Former Whitehead detainee Pham Thanh Van, now living in Alabama, said the bear heads watched over every aspect of life in the camps.

"These bad guys were aware of all the visits from relatives," Van said.

"They searched [us] and inspected the supplies the visitors brought. For example, if our visitor brought in 10 packets of cigarettes, they then confiscated seven packets and gave us only three."

"They used to confiscate half of our cash gifts," Van said. "The bad thing was that the bear heads were all Vietnamese."

Difficult communications

Communication with the outside world was notoriously difficult, former refugees said.

"There was not a piece of paper or a pen. There was nothing at all," Phuc said.

"We young people had to wait in lines to get our meals. Once, we saw a piece of paper posted on the wall. We then grabbed it off the wall and found a way to sneak our brief message to the outside world."

Phuc described food rations within the camp as a piece of bacon and a packet of instant noodles to be shared by eight refugees, though rice was plentiful.

"At that time they were putting strong pressure on us to push us into repatriation," she said.

"Many refugees failed the screening test. Several staged hunger strikes. Others pierced and cut their own bellies with knives and died because they could not get immediate emergency care.

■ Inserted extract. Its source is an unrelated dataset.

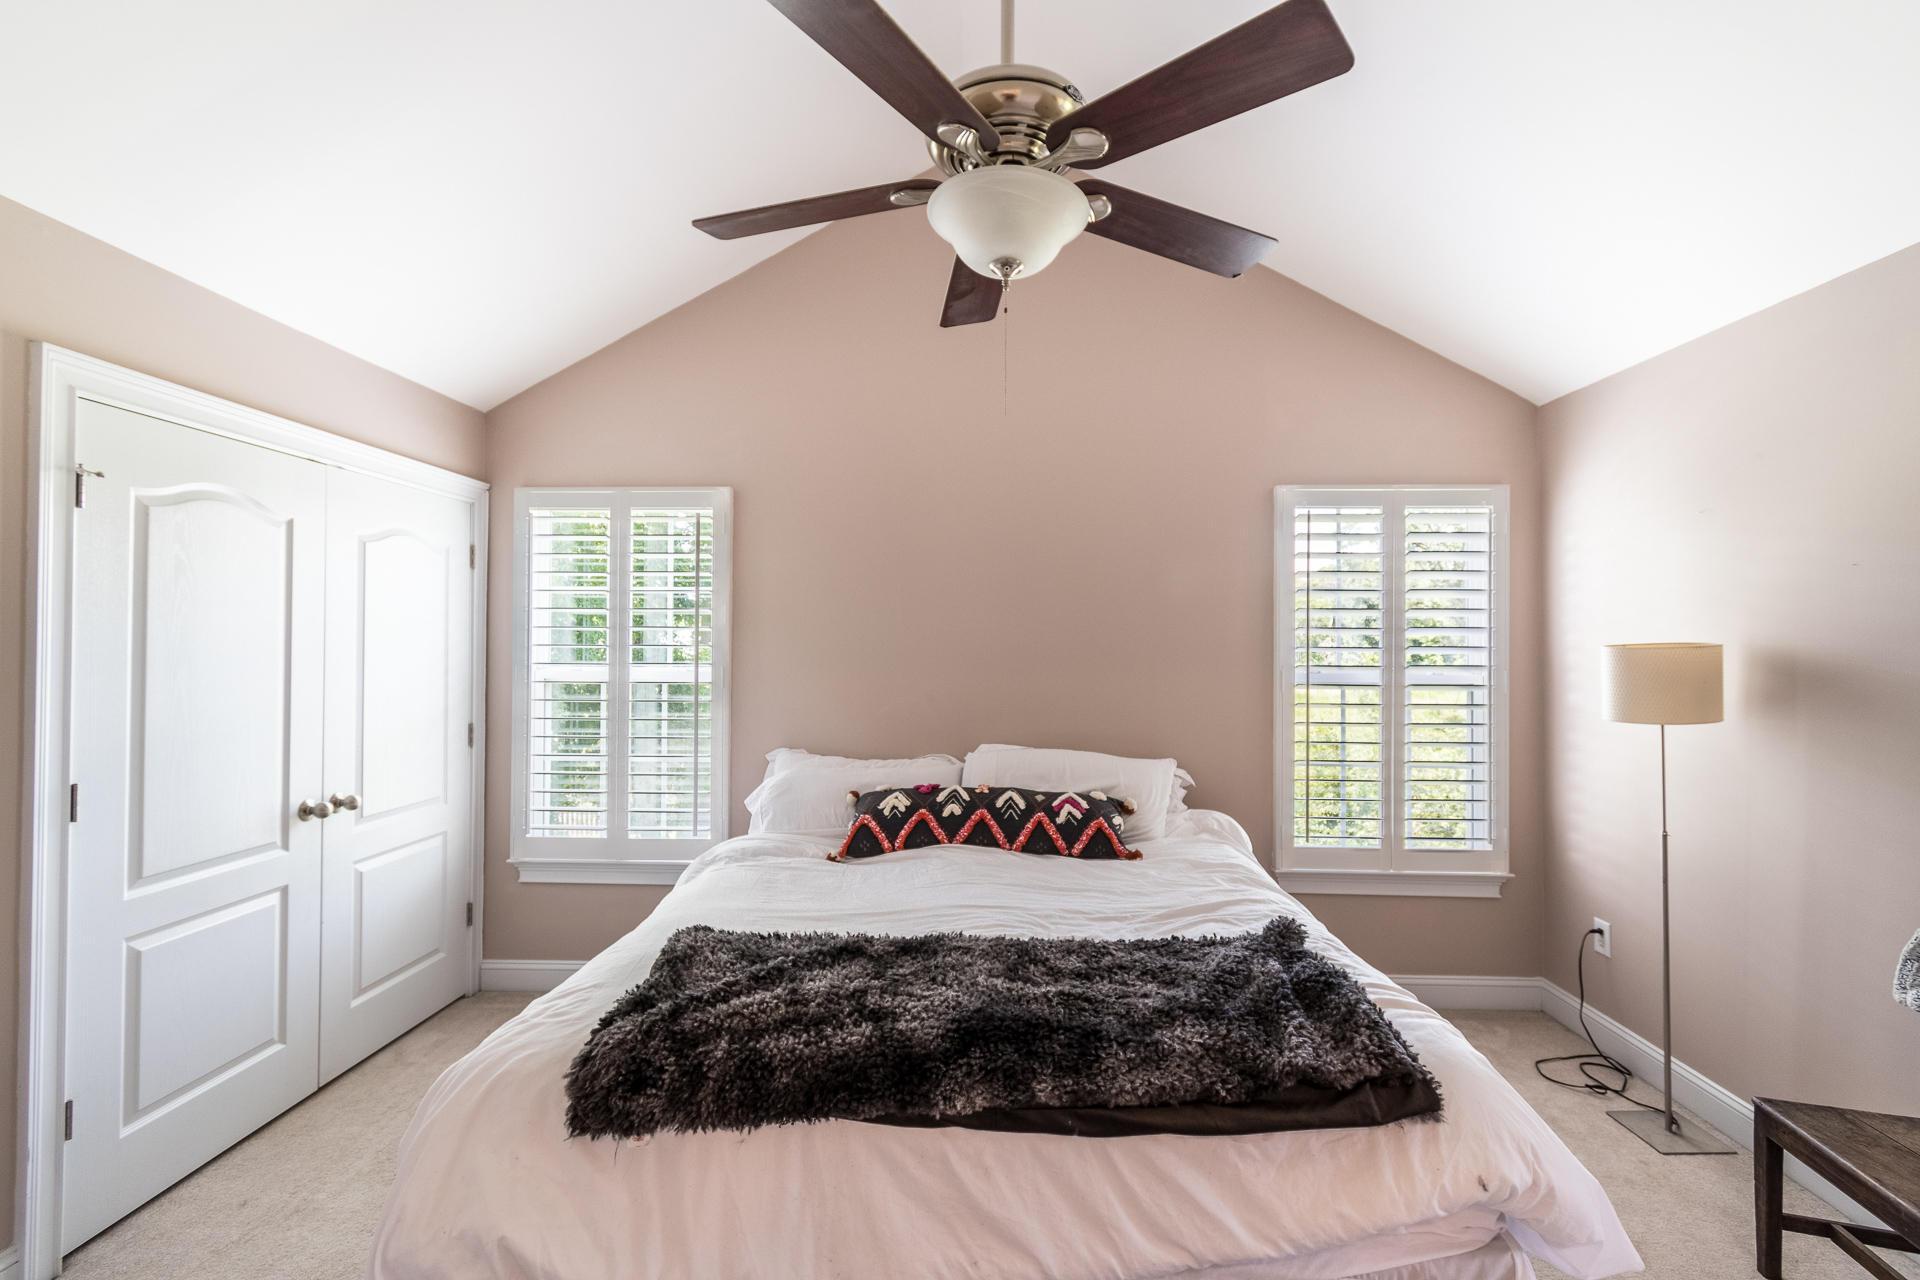 Stoneboro Shores Homes For Sale - 656 Stoneboro, Charleston, SC - 2
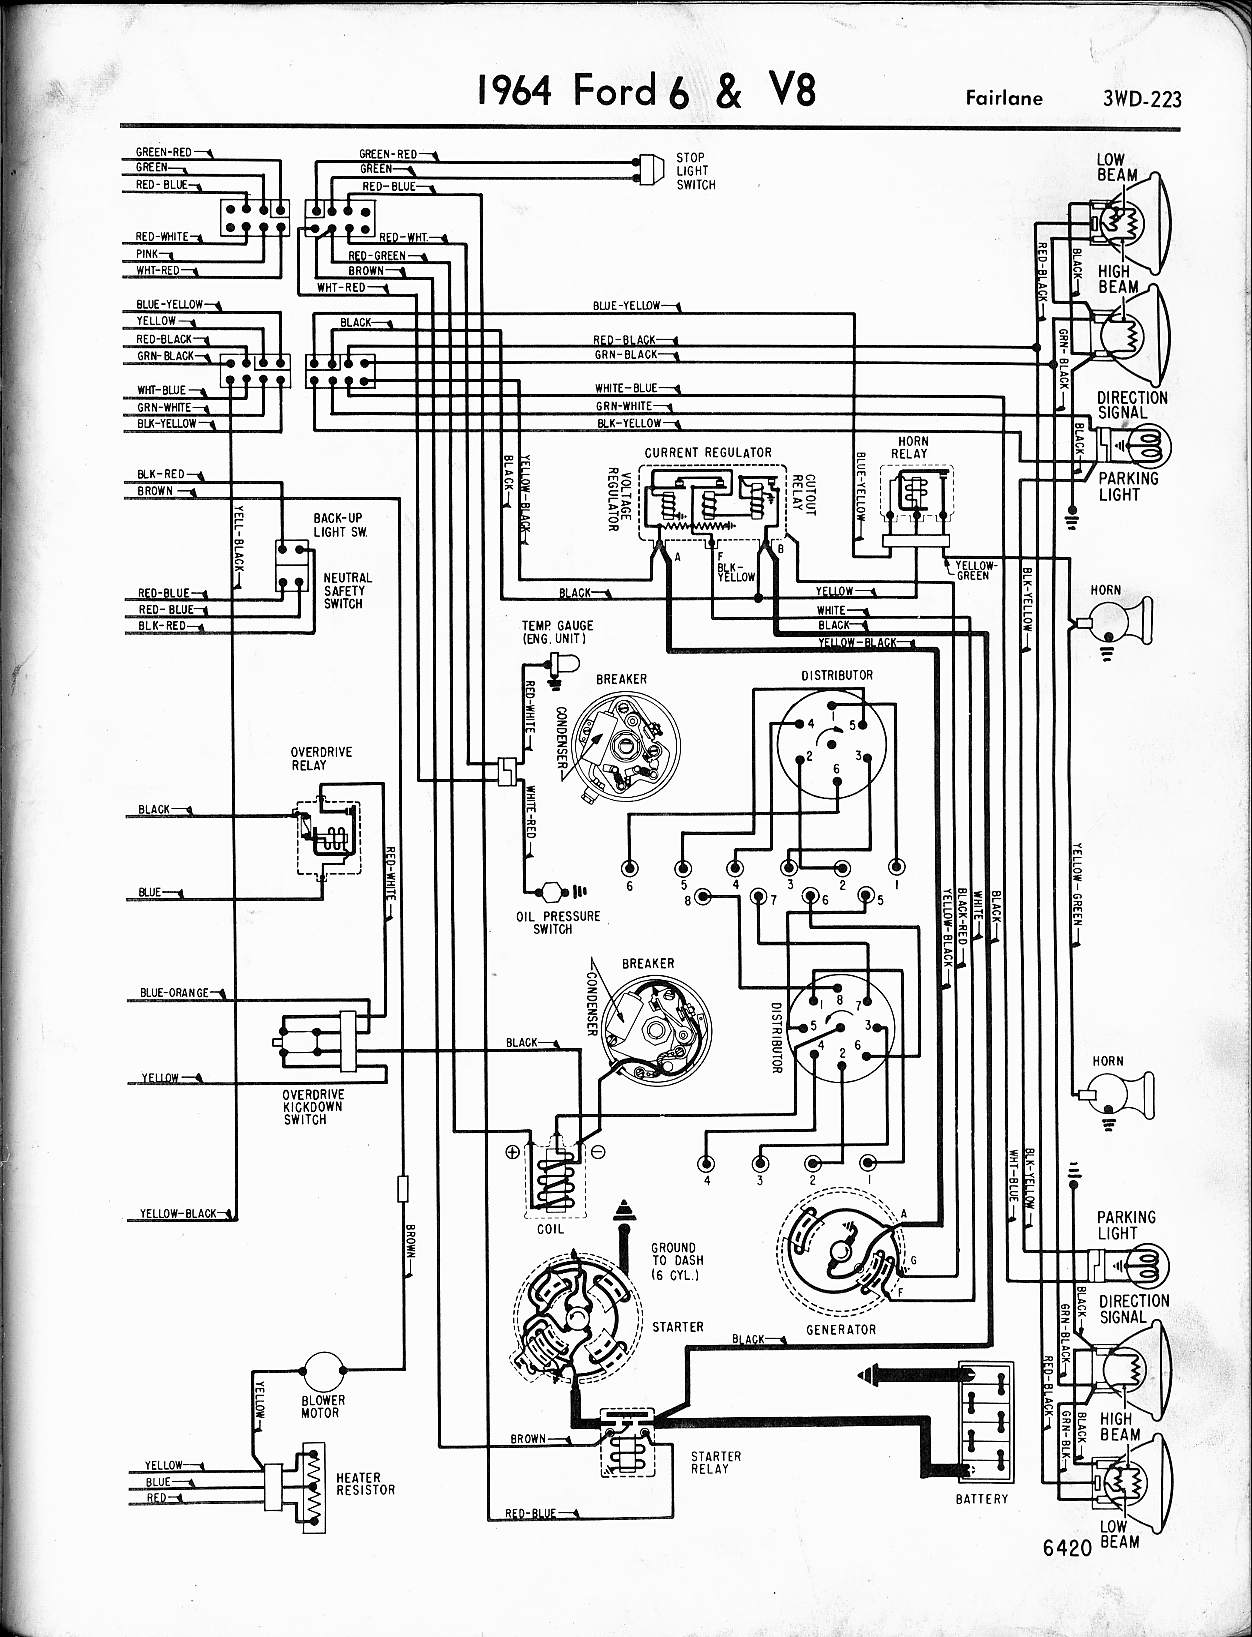 1967 ford thunderbird wiring diagram ob 5628  ford f100 wiring diagram for a truck car electrical  ob 5628  ford f100 wiring diagram for a

Others had diarrhea, but didn't get proper medical care and died," she recalled.

U.S-based Nguyen My Hue had similar memories.

"It was very hard for us to contact anyone outside our camp," she said. "We knew nothing about the outside world."

"We had abandoned everything to leave our homeland in the hope that we would find freedom in a safe country," said Hue, who eventually resettled in Georgia.

"In fact, we didn't know whether we could make it or not."

A former inmate of the Whitehead Detention Centre identified only as Chi said inmates lacked basic living supplies and any form of occupation or entertainment.

"We lacked both material and mental things. We were not even provided with adequate clothing," she said.

"The public bathing hall was very large. It was a place where hundreds of women bathed at the same time. As far as our mental condition was concerned, we lived in great anxiety because we did not know where our future would be."

Born inside

The lives of Vietnamese in the camps were punctuated with vicious fights, camp inspections, and police repression of unrest, amid an atmosphere of great tension.

A whole generation of children was born in the camps who had never known life outside the barbed wire that encircled them.

"When these babies were allowed to get out of the camp and watch everything around them, they thought dogs and water buffaloes were big rats, because in their forbidden camp they could see only rats and nothing else," former refugee My Hue said.